I would like to know if the series $\displaystyle 2\sum_{k=1}^{\infty} |k|^{-r} \cos(kx)$ or $\displaystyle \sum_{k\neq 0} |k|^{-r} e^{ikx}$ (actually they are the same) is convergent, where $0<r<1$, $x\in (-\pi,\pi)$ (one dimension). Let us ignore the point $x=0$. Since if $x=0$, this series is divergent immediately so we do not need to consider the original seires anymore.
The answer is yes but I do not know why.
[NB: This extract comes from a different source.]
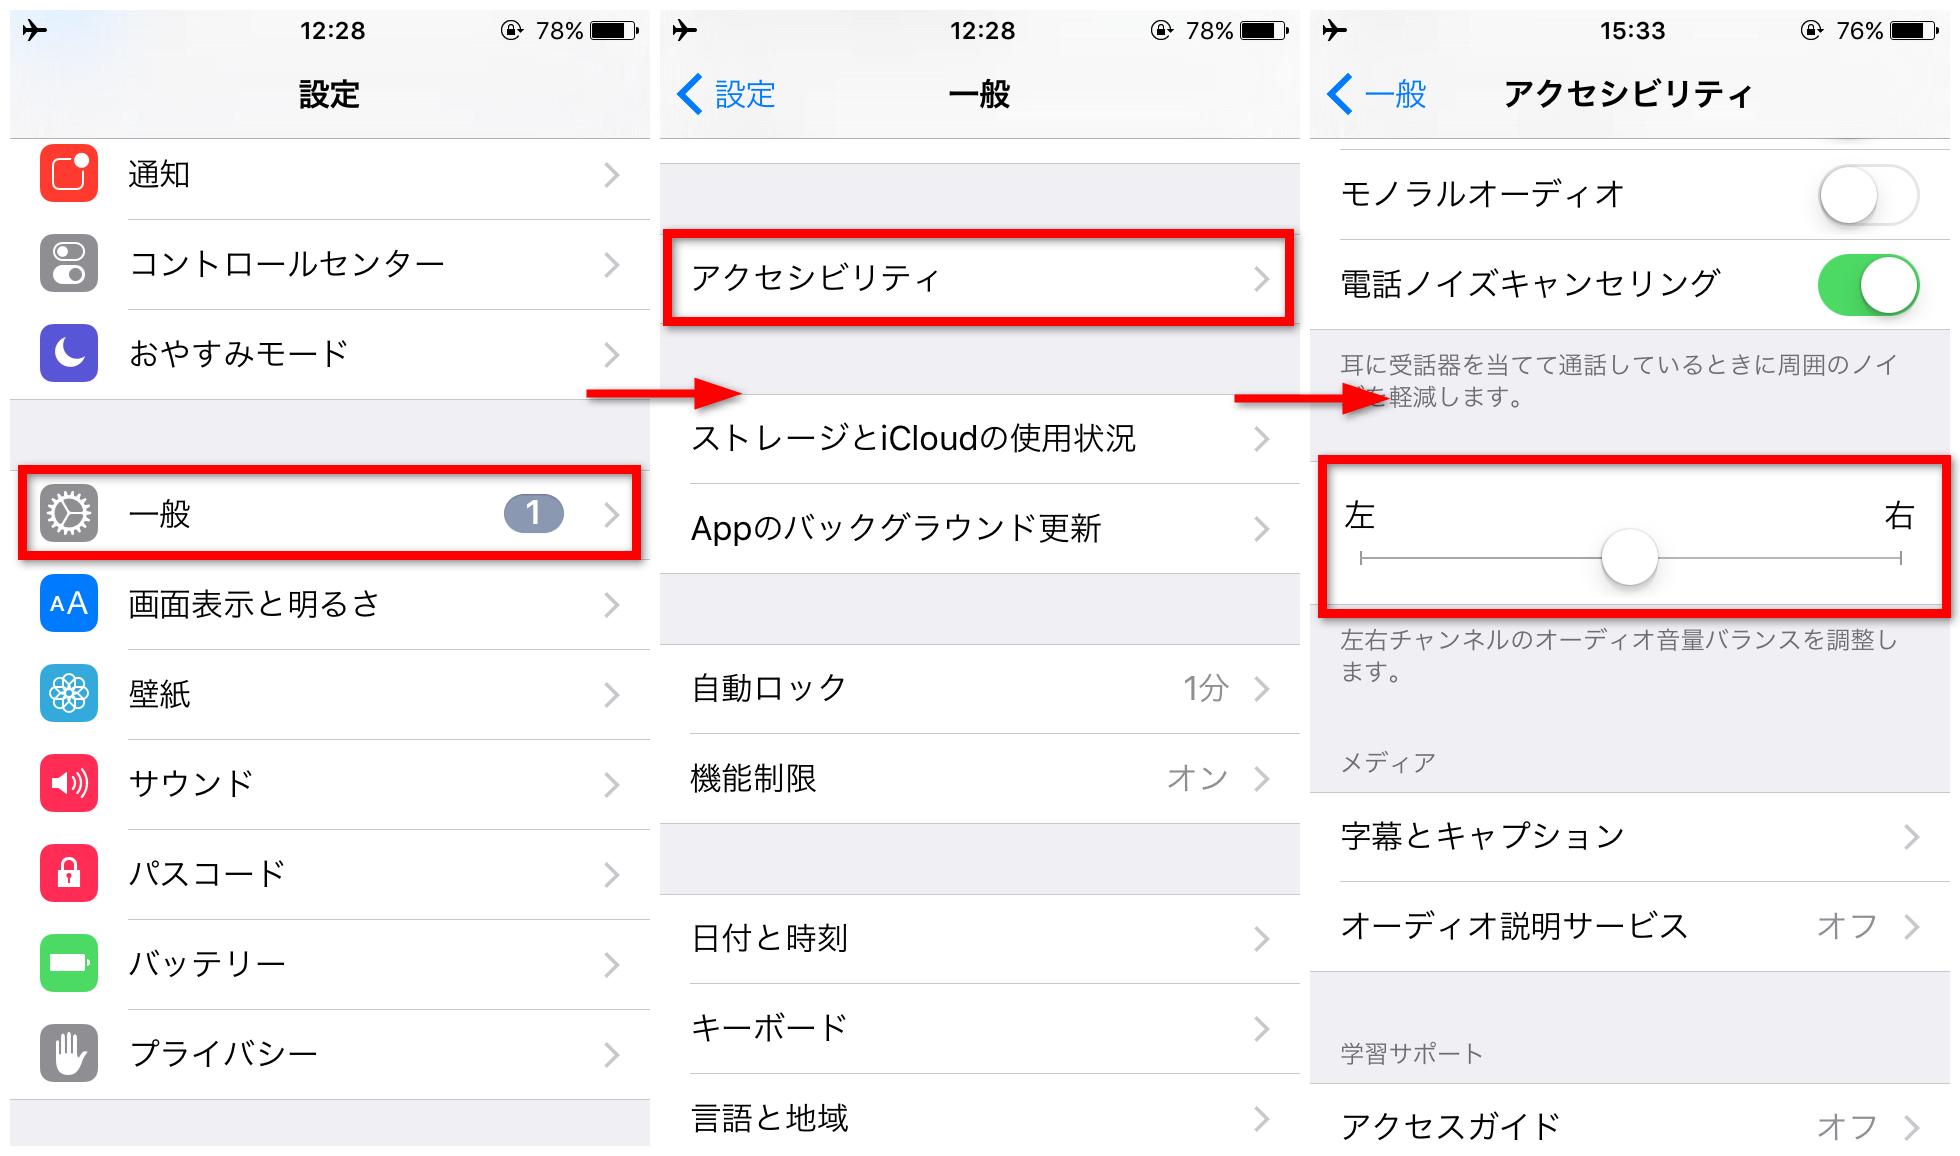 iPhoneでオーディオバランスを調整する手順

Could you tell me which page of the book should I find on this knowledge?
The following things are true:
Let $f(x)$~$\displaystyle \sum_{k=1}^{\infty} k^{-r} \cos(kx), 0<r<1, x \in [-\pi,\pi]$
Then as $\displaystyle \sum_{k=1}^{\infty} k^{-r} \cos(kx)$ converges uniformly on any compact set in $[-\pi, \pi]$ that doesn't contain $0$ (or more generally doesn't contain $2k\pi$ if we extend to the real axis by periodicity), $f$ is continuos except at $0$ (or more generally $2k\pi$).
Since $f(x)=(\Gamma(1-r) \sin\frac{\pi r}{2})x^{r-1}+O(1), 0<r<1$ when $0 <x \le \pi$ and $f$ is even, $f \in L^1[-\pi,\pi]$ and $\displaystyle \sum_{k=1}^{\infty} k^{-r} \cos(kx)$ is its Fourier series
The first claim follows from the usual Dirichlet kernel and summation by parts since $\frac{1}{\sin \frac{x}{2}}$ is uniformly bounded on compact sets in $[-\pi,\pi]$ that do not contain $0$
The second statement is trickier but it follows from the expansion of $\frac{1}{(1-z)^r}$ on $|z|=r<1$ using the usual Binomial formula , estimates for said Binomial coefficients and then taking the limit $r \to 1$ and separating real and imaginary parts (which gives a similar formula for the corresponding $\sin$ series)